Her ölen çocuğun anonsunu yapmak ve haberini yetiştirmek için mücadele vermek boğazınız düğümlenirken, inan ki çok zordu!
Selçuk devlet hastanesinin karşısında bulunan banklara oturduk, Hasan Hüseyin Gödeş, Memiş Esener, Mehmet Durmuş, İlter Bıyıklı, Kerem Gültekin’le birlikte devamlı bilgi almaya çalıştık yetkililerden. Selçuk basınına bu saydığım isimlere özellikle çok teşekkür ediyorum haberleri sağlıklı bir şekilde tüm basına ulaştırmamı sağladıkları için.
GELELİM ANNE VE 5 MELEĞE!
Bir gazeteci gözüyle, olayı yakından gören ve takip eden birisi olarak gözlemlediğim ” çözüme ulaştırılamayan ihmaller zinciri ve bunun sonucunda ölen 5 masum çocuk” diyebilirim kısaca!
Cenaze töreni ve akabinde çocukların defin işlemine kadar takip ettim. Tutuklu babanın özel izinle camiye getirilme sürecinde kelepçenin çıkarılmaması basının yani bizlerin dikkatinden kaçmadı ve zaten kamu oyunda bunu yansıtmıştık. Esas dikkatimizi çeken İlçenin mevcut belediye başkanı Filiz Ceritoğlu Sengel’in ortalıklarda olmayışıydı. Sonra öğrendik ki Barselona’daymış… Onu temsilen başkan yardımcı Gökalp Erhan Güzel vardı. Hala yok bu arada başkan hanım inşallah çocukların 52 ci sine yetişir.
Yaşanılan süreçte herkes bir birbirini suçluyor peki kim bunlar? bakanlık ve belediye! çıkan sonuç VAY GİDENE
Bir annenin çaresizliğinden öte, toplumun tüm katmanlarını ilgilendiren büyük bir çocuk koruma ihtiyacını ortaya koyuyor peki bu ihtiyacı karşılaya biliyor muyuz?

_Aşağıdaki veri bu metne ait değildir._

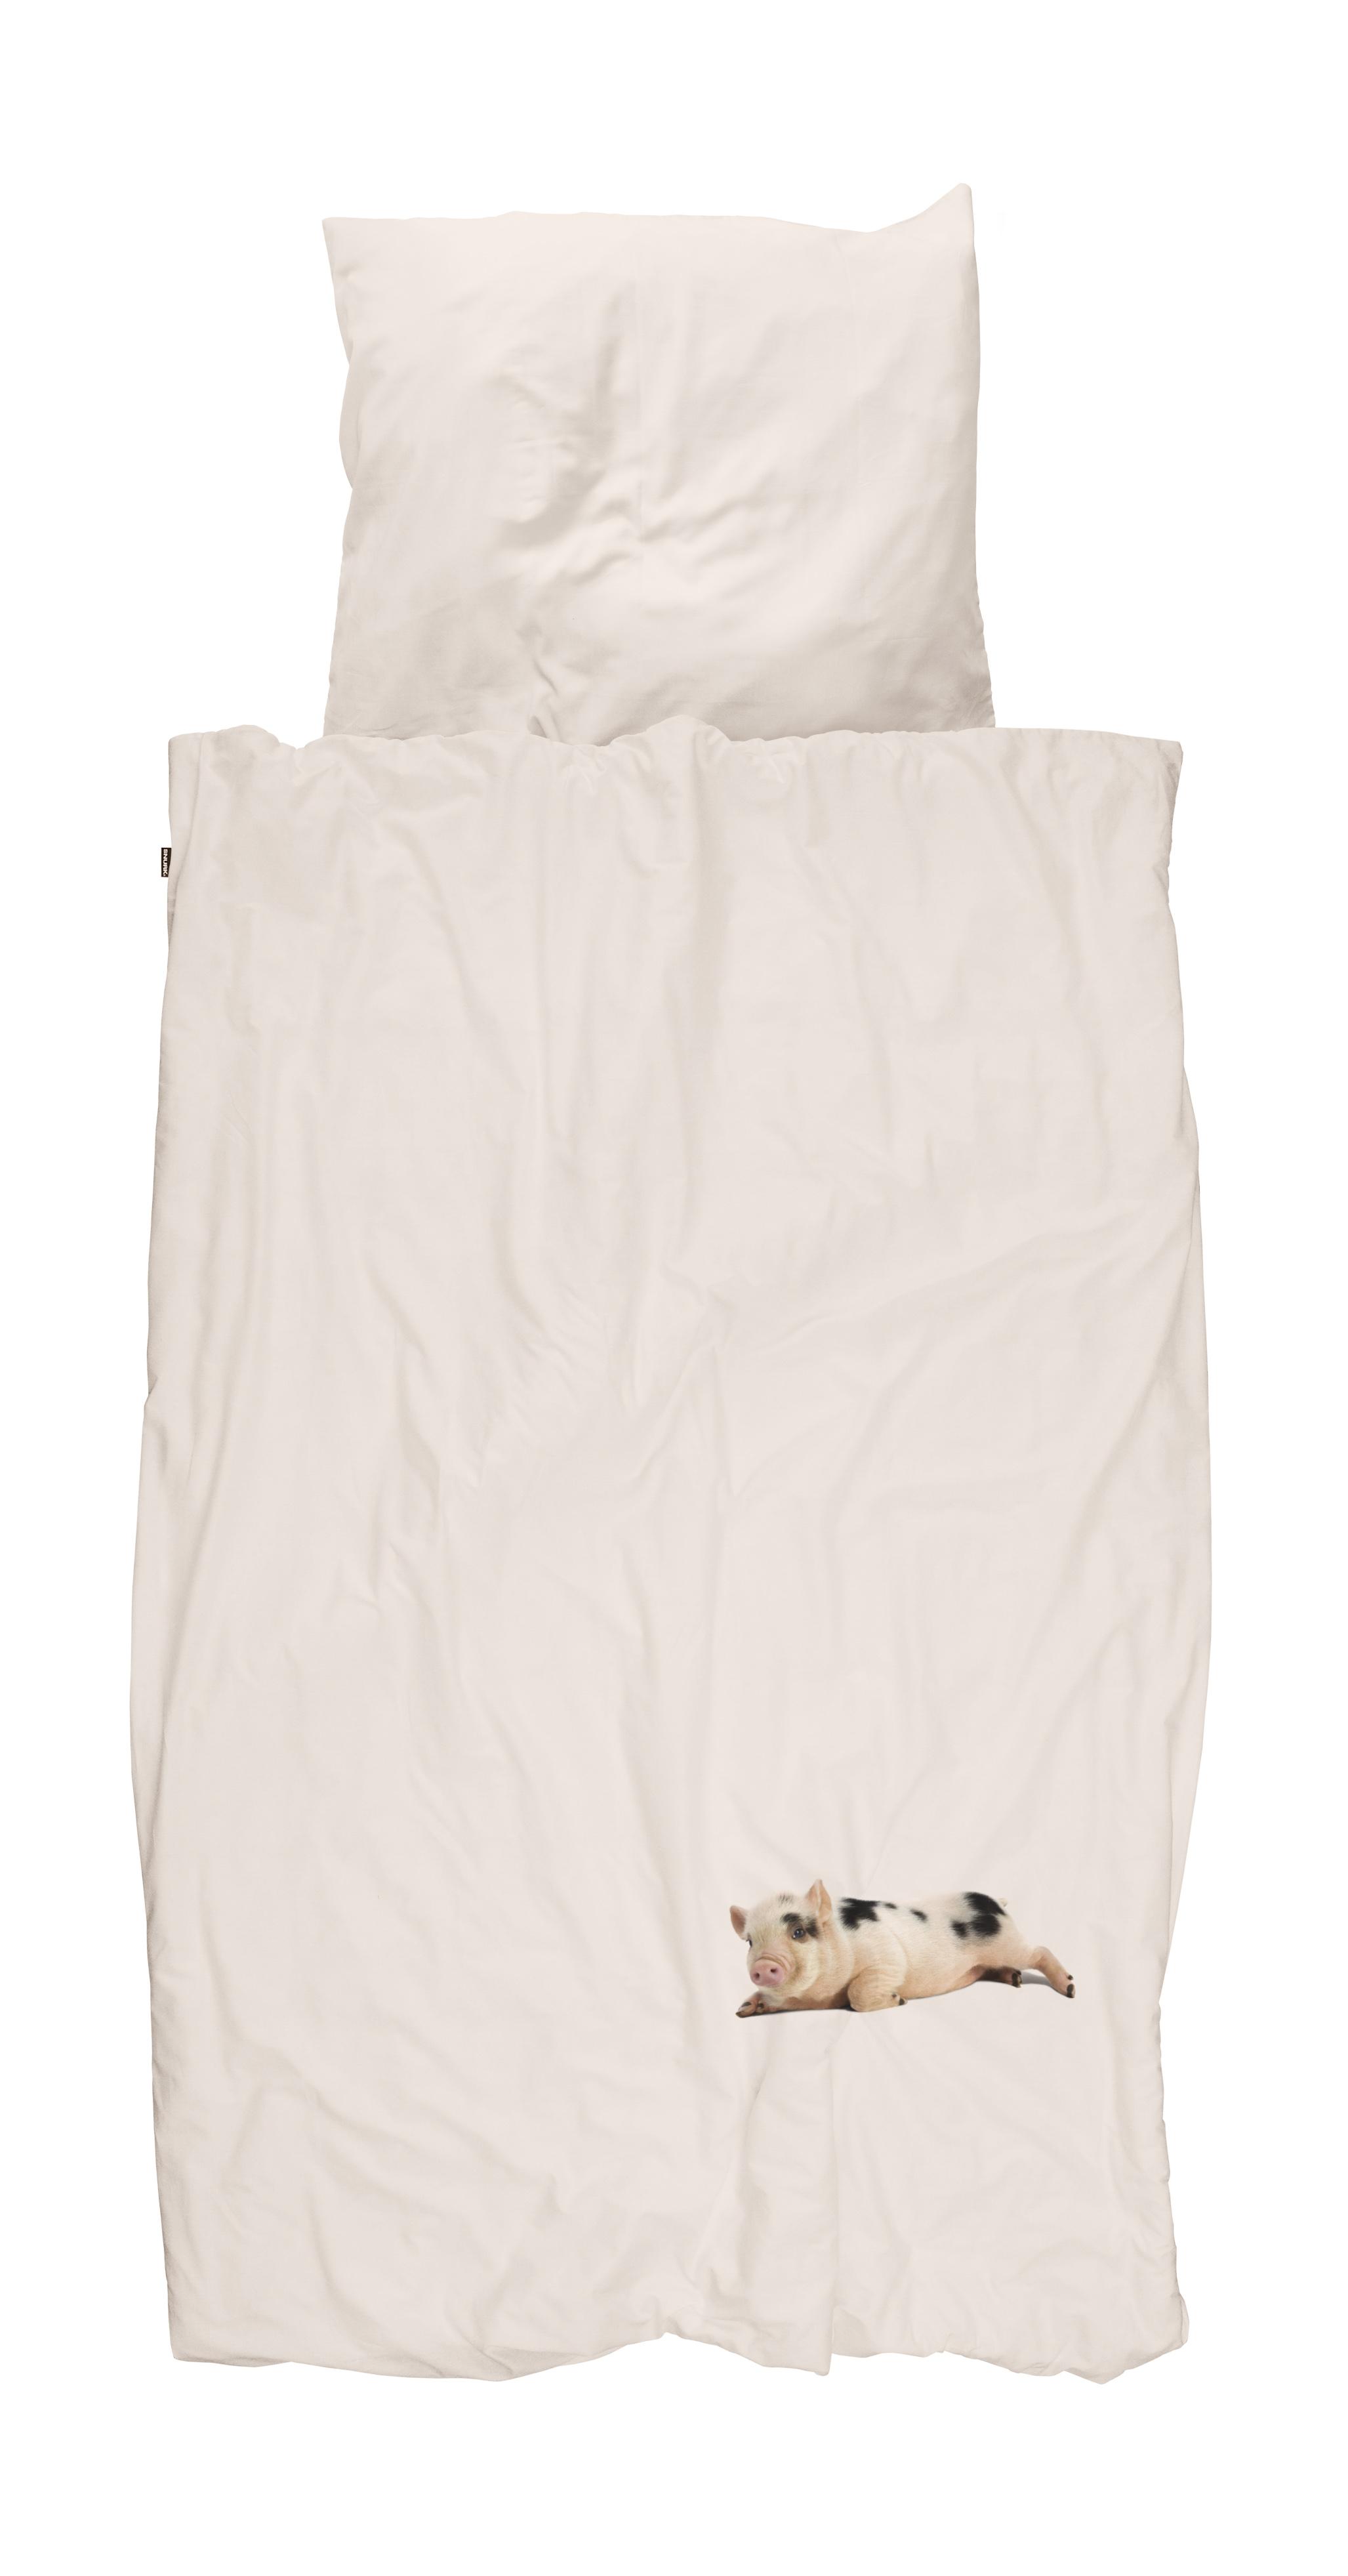 Купить Комплект постельного белья поросенок розовый 150х200, inmyroom, Нидерланды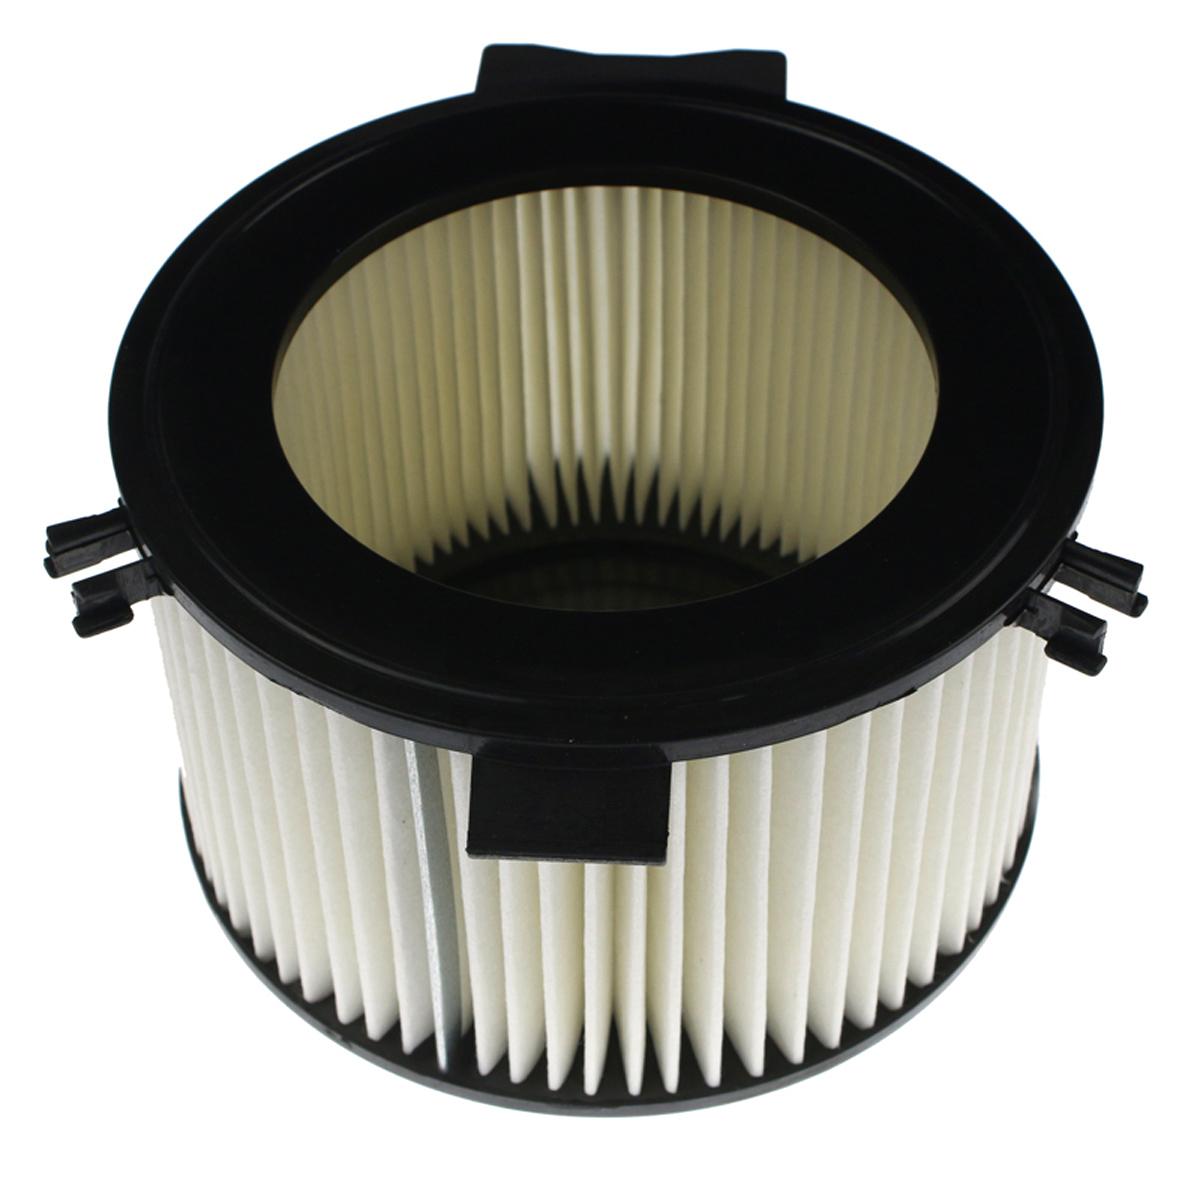 Innenraumluftfilter Pollenfilter für VW entsp. CU1738, FK00003

Bu durum yalnızca bir annenin çaresizliği olarak görülemez. Çocuklarını korumak için aldığı önlem, ruhsal bir yeterliliğin eksikliği olarak kabul edilmelidir. Anne, yaşadığı baskı altında sağlıklı değerlendirme yapabilmekten yoksun kalmıştı. Dünyanın birçok ülkesinde, 12 yaşından küçük çocukların evde tek başına bırakılması çocuk ihmali olarak kabul edilirken, bu durumun toplumumuzda görmezden gelinmesi ciddi bir çocuk koruma zafiyeti olarak öne çıkıyor. Annenin eylemleri, bireysel bir yetersizlikten çok, onu böylesine yalnız bırakan bir sosyal çevrenin izlerini taşıyor.
Ben kendi adıma 5 Melekten özür diliyorum, duymadığım ve koruyamadığım için! “SİZE BİR DÜNYA BORCUMUZ OLDU!”